Revista online sobre Cultura e Lifestyle
Edição Nº51, Dezembro, 2009

Micachu & The Shapes

Micachu & the Shapes são das mais recentes coqueluches da Pop londrina. Até agora apenas com um LP, “Jewellery”, a banda vive de momentos de alguma euforia que não é descabida, pois o primeiro trabalho é de um génio singular que muito poucos conseguem alcançar.

Liderados por uma carismática jovem de apenas 21 anos, Mica Levi, a banda parece ter construído os alicerces para uma sólida carreira. Falámos com Mica Levi sobre a sua carreira pessoal e sobre o LP “Jewellery”.

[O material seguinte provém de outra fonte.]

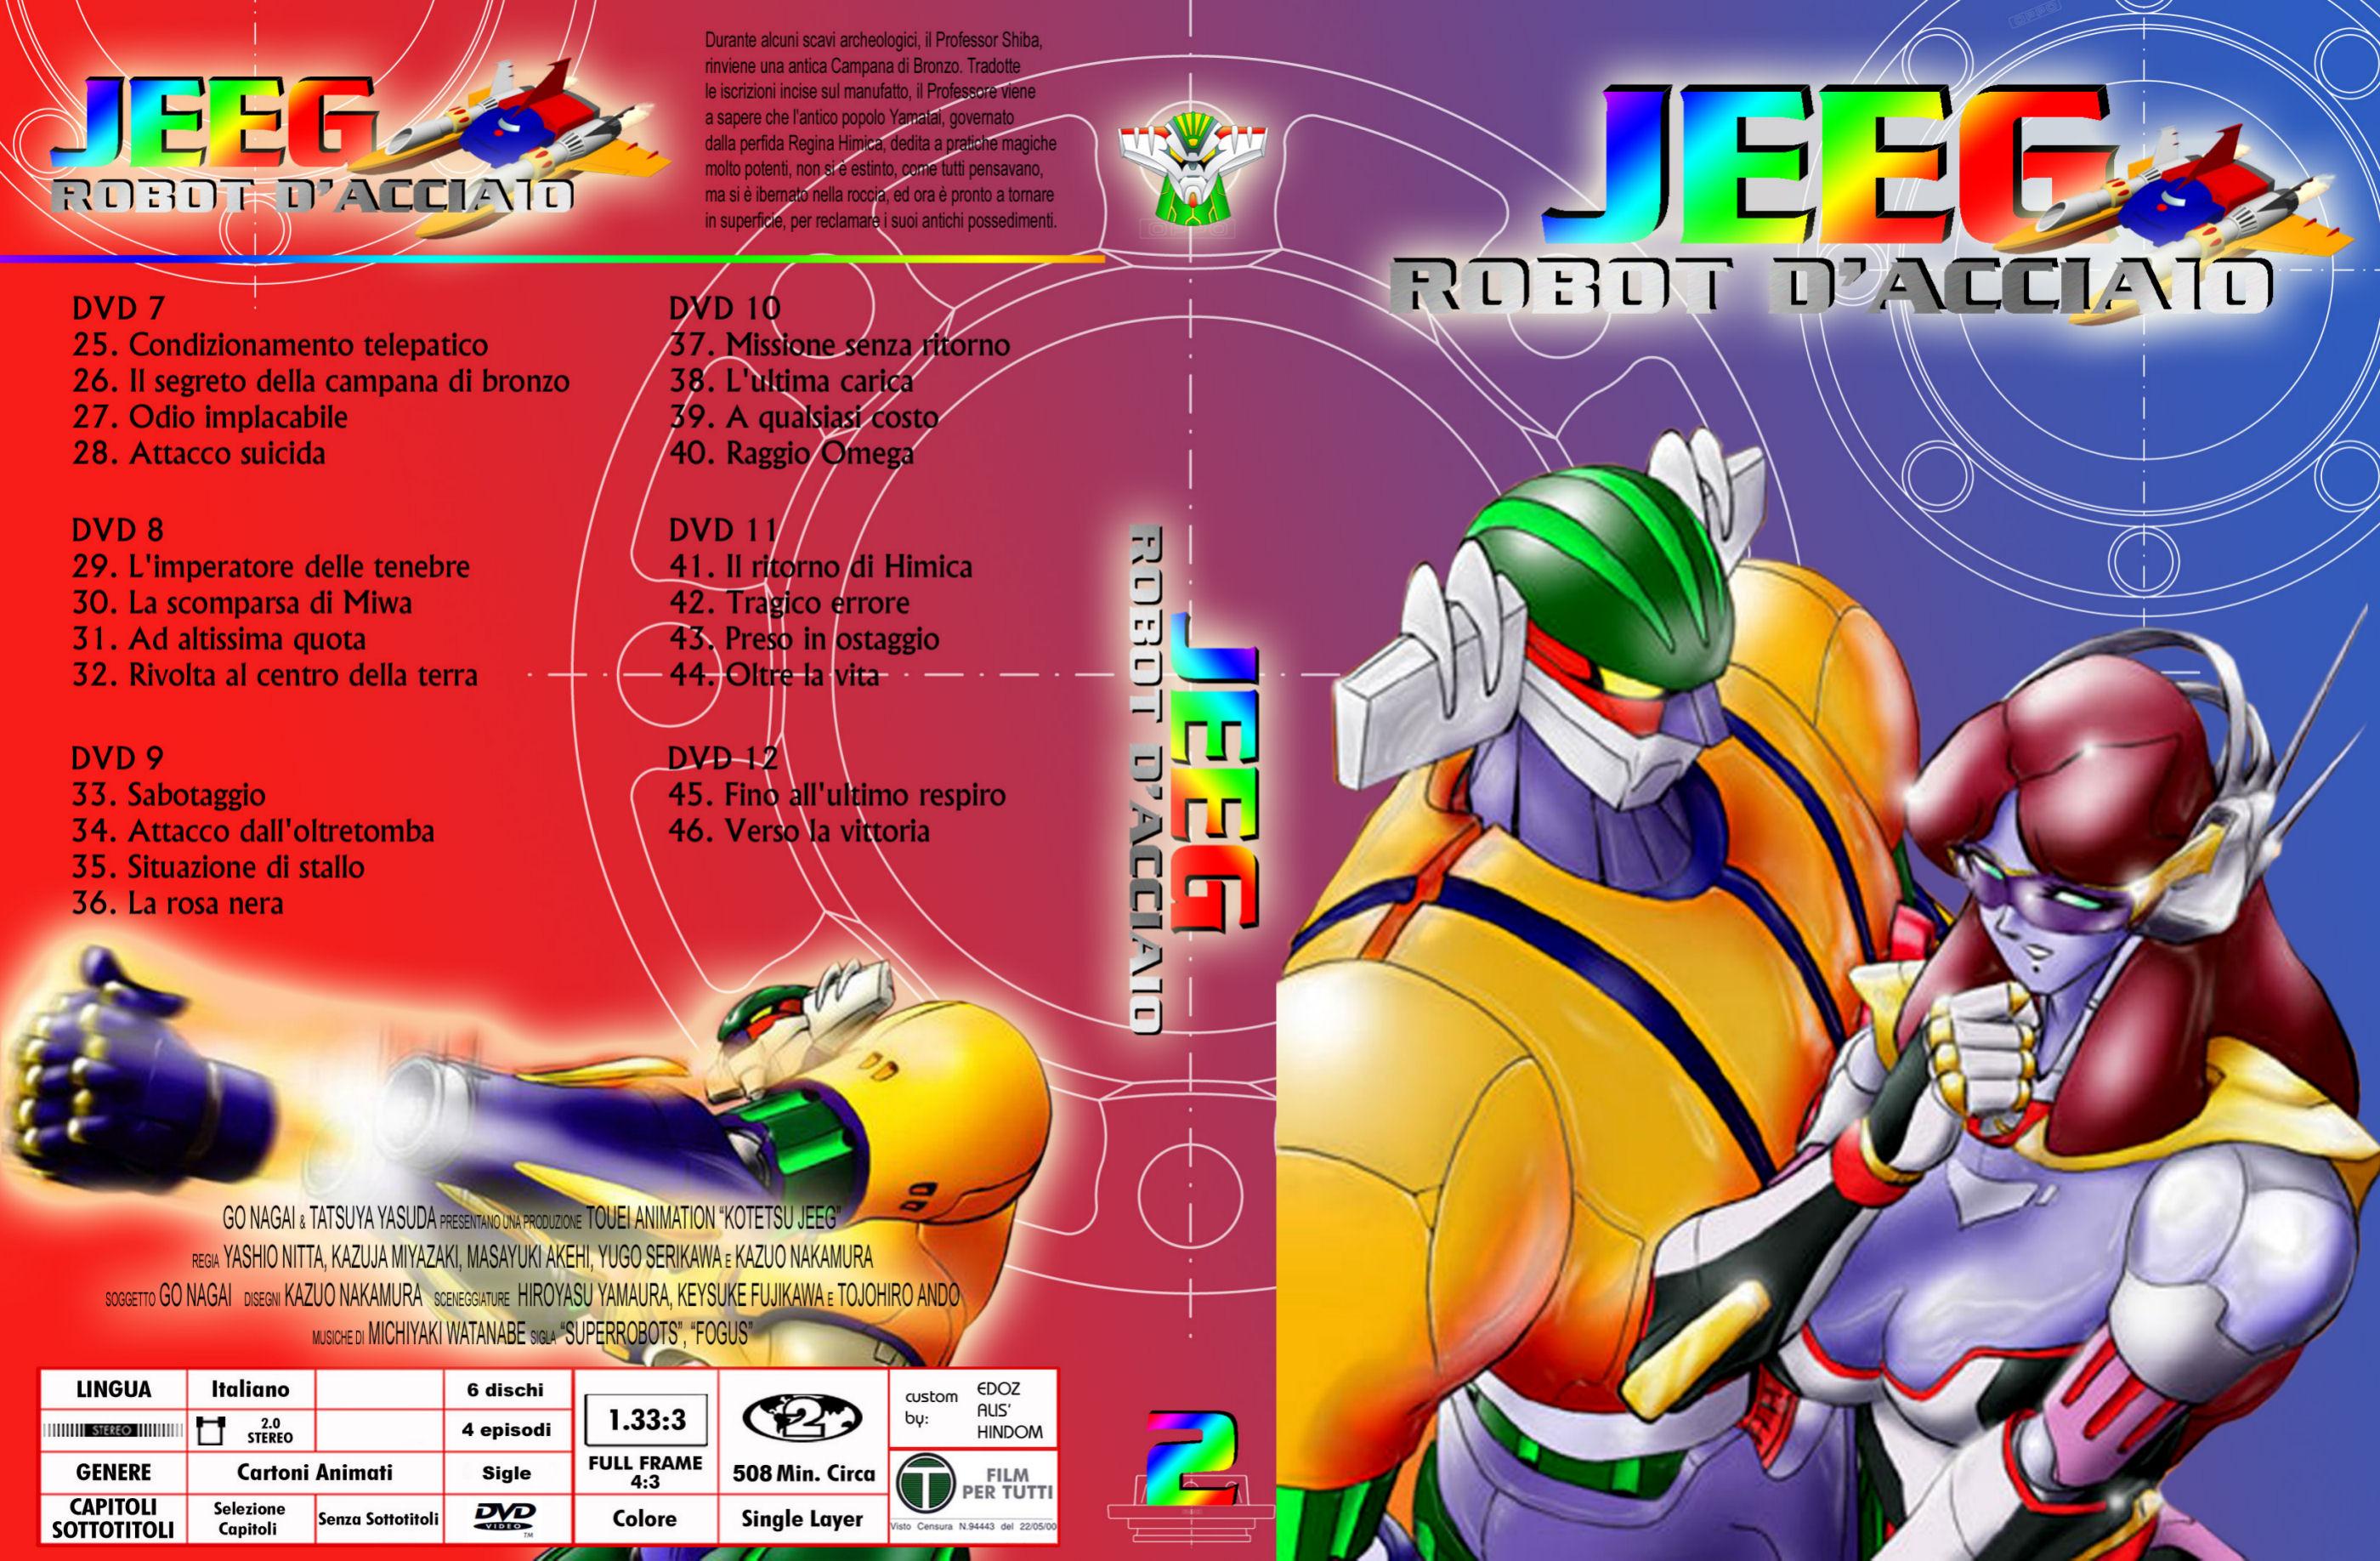 Jeeg robot box dvd cover mondoraro.org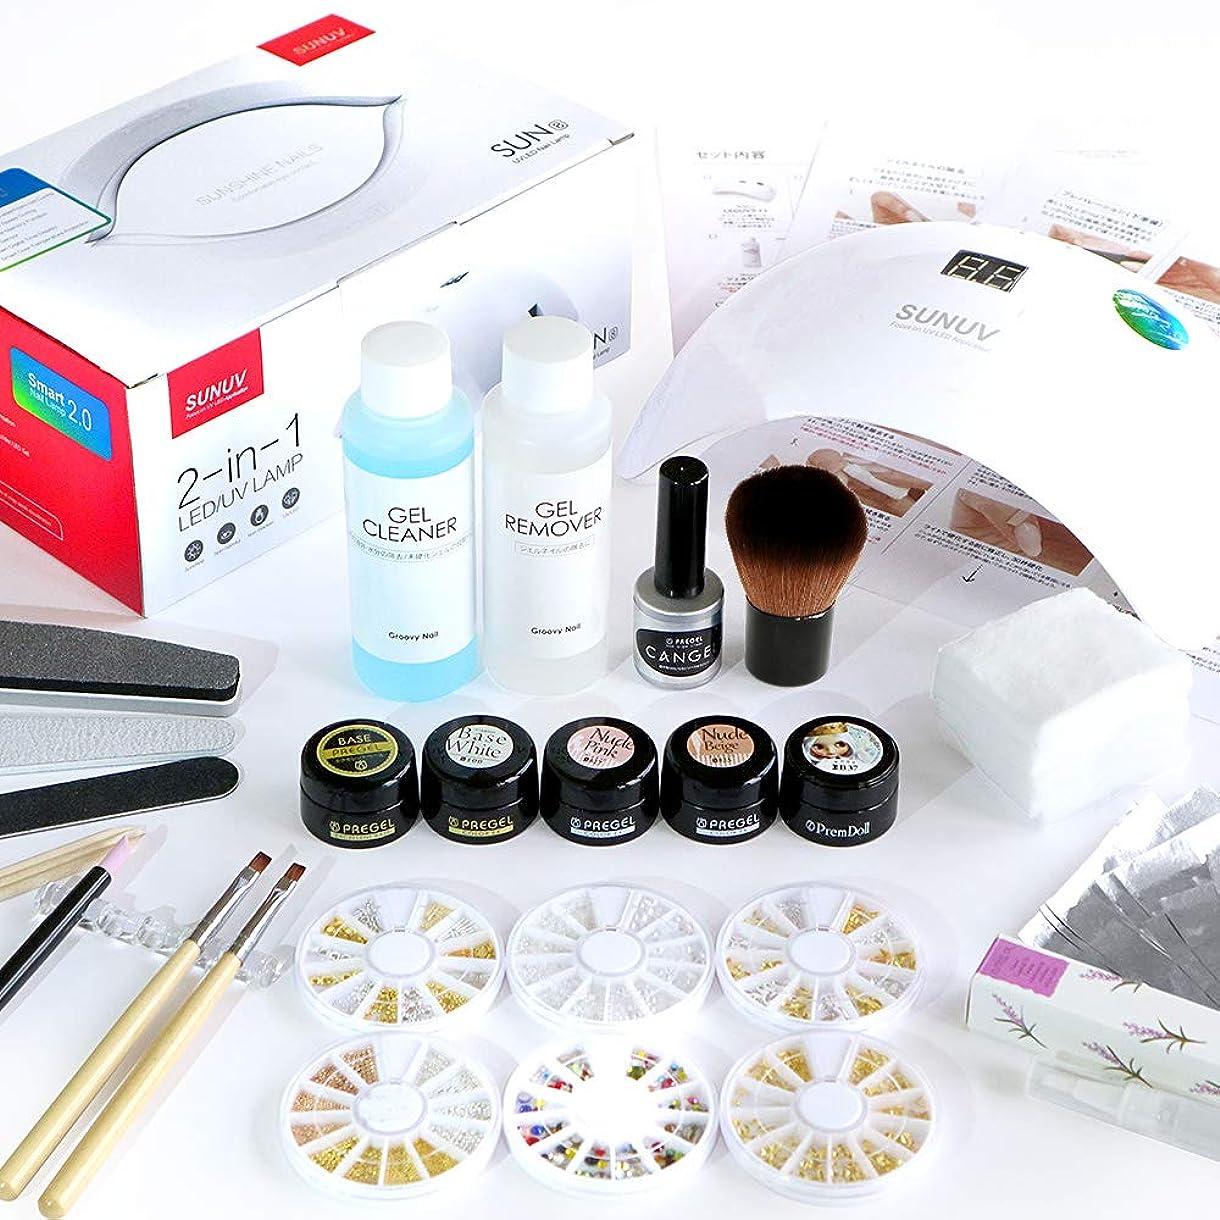 襲撃可能性小屋PREGEL プリジェル ジェルネイル スターターキット 日本製カラージェル4色+LEDライト48W ネイルアート 初心者におすすめ

Podemos pensar em Micachu como numa menina a brincar à musica, mas após uma primeira audição de Micachu & The Shapes, temos logo que a levar a sério,  pois descortinamos um universo sonoro bastante singular em relação aos demais cicerones que povoam o mundo do Indie-Rock. A leitura a fazer desta novidade poderá ser a de uma assaz libertinagem ao povoamento que se assiste nas tabelas de vendas por este mundo fora e, num momento em que a estagnação marca a novidade definir Micachu & The Shapes poderá ser uma tarefa árdua e inglória, mas podemos sempre defini-los pelas palavras de Mica Levi. “Noise Pop. Mas acho que a definição daquilo que é o nosso som vai mudando um pouco, à medida que os nossos gostos também mudam.”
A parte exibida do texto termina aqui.